Much of it seems like a rehashing of the 60s’ human potential movement as a counter-cultural rebellion against mainstream psychology and organized religion. It’s not so much a religion as much as it is a psychological philosophy and framework that focuses on a particular set of values, but it’s meant to be followed obsessively and provide meaning in the same vein.
Some basic tenets: you should take responsibility for everything that happens to you. Deal with whatever crisis comes up and move on from it as cleanly as possible. You aren’t like those postmodern softies who need to obsessively control their outer environment and suppress free speech. Everything is based on merit. You square fully with the harshness of the world and you are going to triumph by making a lot of money (while working on something appropriately meaningful that addresses the human condition).
There are remarkable similarities between the principles currently in vogue and things taught by human potential-focused movements like est, Landmark Forum, neuro-linguistic programming, Tony Robbins seminars, Impact Training, Lifespring, Complete Centering, Scientology, etc. A lot of the parallels revolve around personal responsibility as freedom:
Jordan Peterson: “Every experience that you have had contains information. If you have fully processed the information in that experience, (1) its recollection will no longer produce negative emotion and (2) you have learned everything you need to know from it.”
Landmark: there’s a concept in the Landmark Forum called getting complete. To get complete means that you need to address what is “incomplete” with the other person, which is a fancy way of saying getting emotional closure. To complete, you take responsibility for what is incomplete and relinquish reside emotions, resentment, etc. and extending forgiveness the other person. If you do that, you are completely being responsible for your own life.

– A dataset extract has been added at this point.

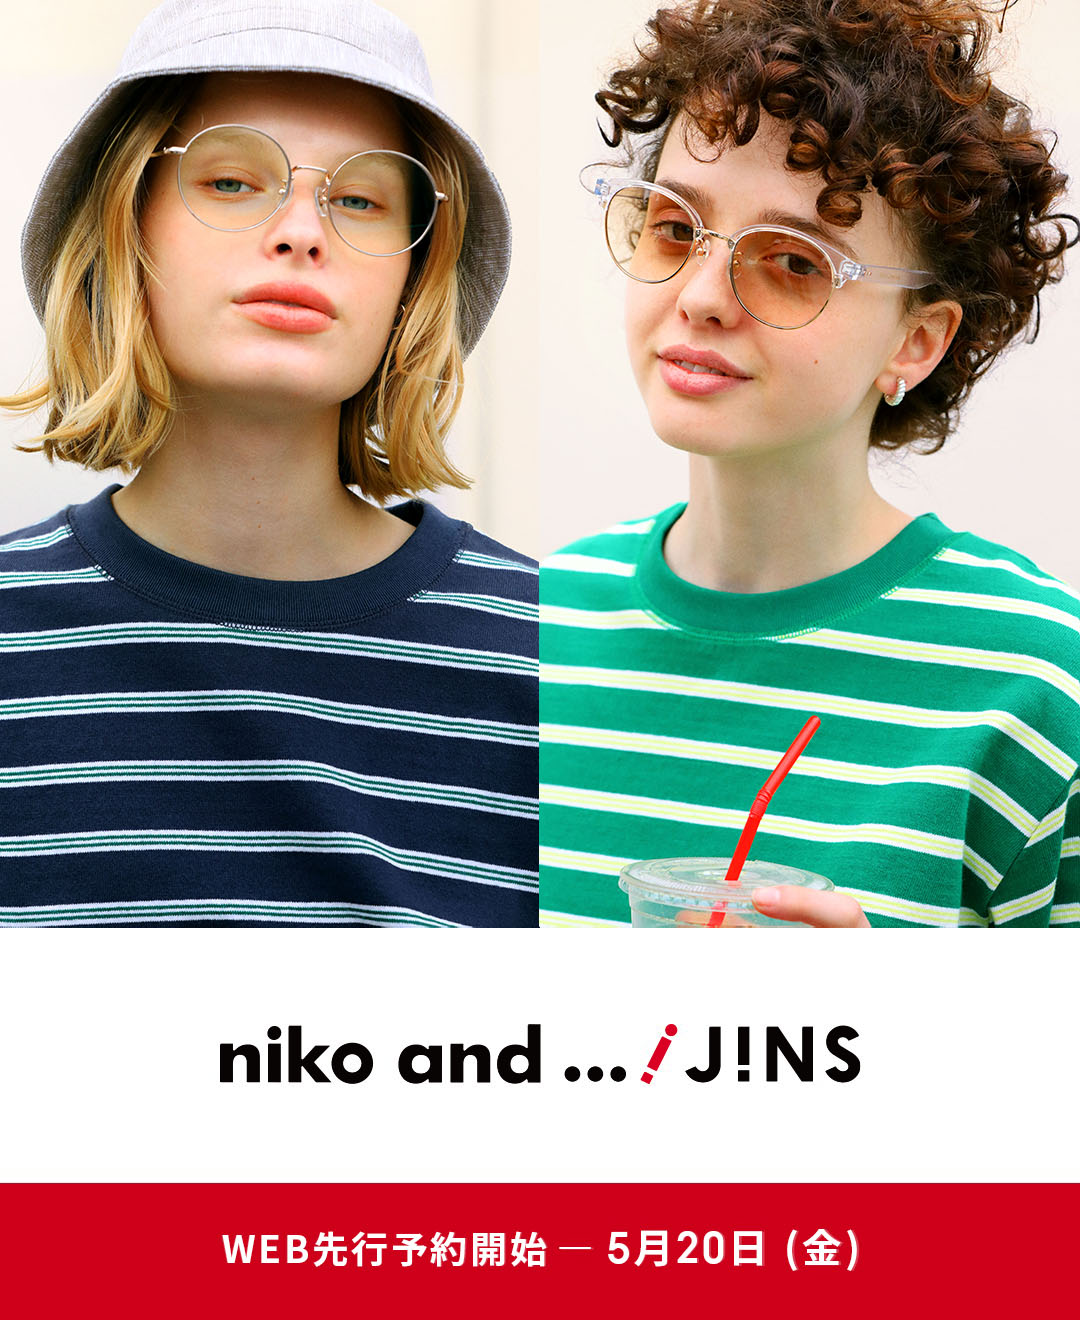 メガネ(めがね・眼鏡）のJINS『niko and ...×JINS』
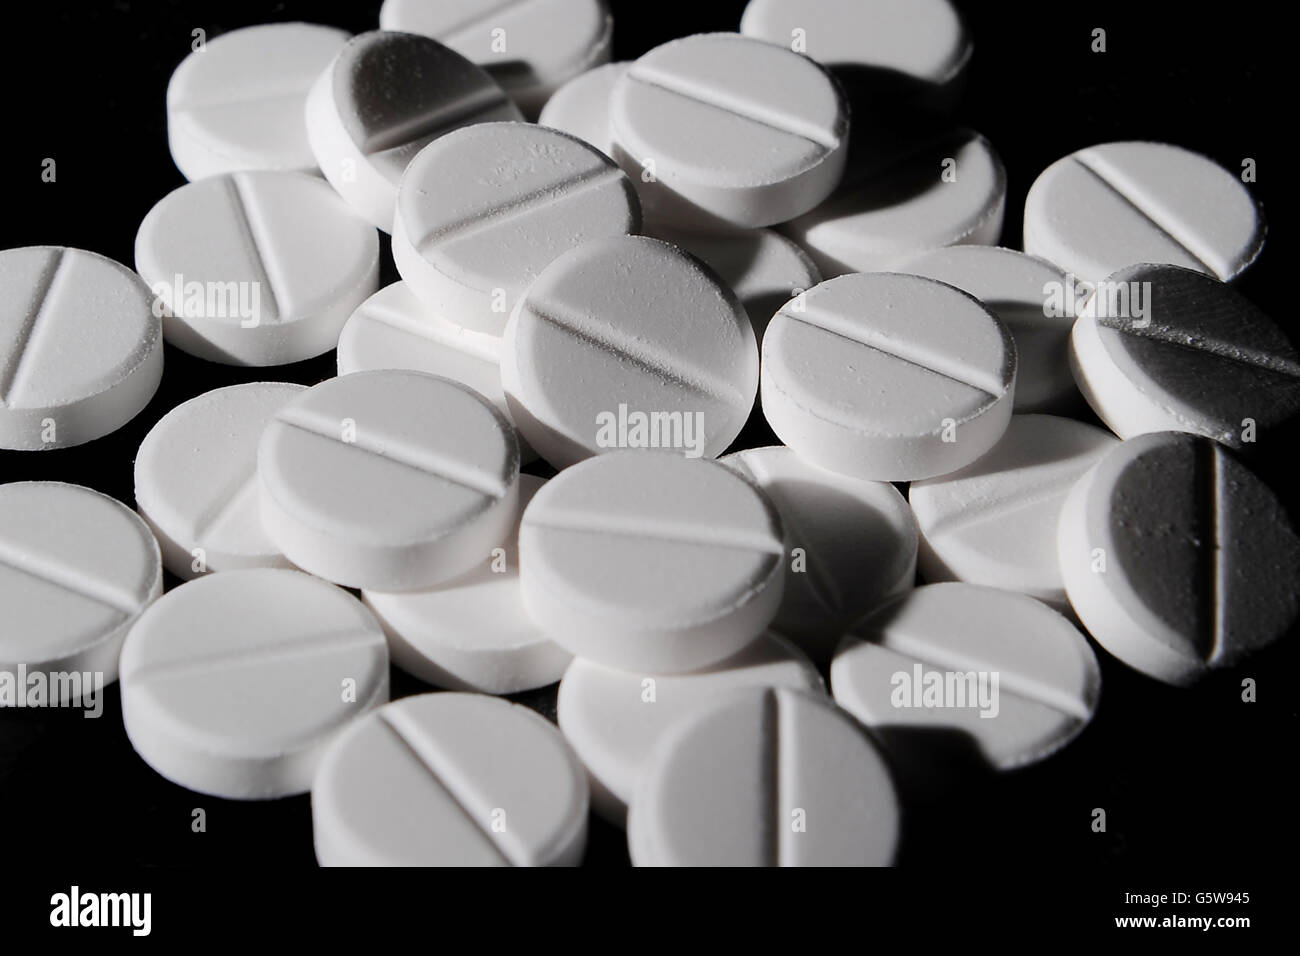 Paracetamol Change Reduces Deaths G5W945

Scientology: to become clear is one of the major states practitioners strive to reach on their way up the Bridge to Total Freedom. The state of Clear is reached when a person becomes free of unwanted emotions or painful traumas not readily available to the conscious mind. By applying Dianetics, every single person can reach the state of Clear.
Stoicism: “When you are offended at any man’s fault, immediately turn to yourself and reflect in what matter you yourself have erred.”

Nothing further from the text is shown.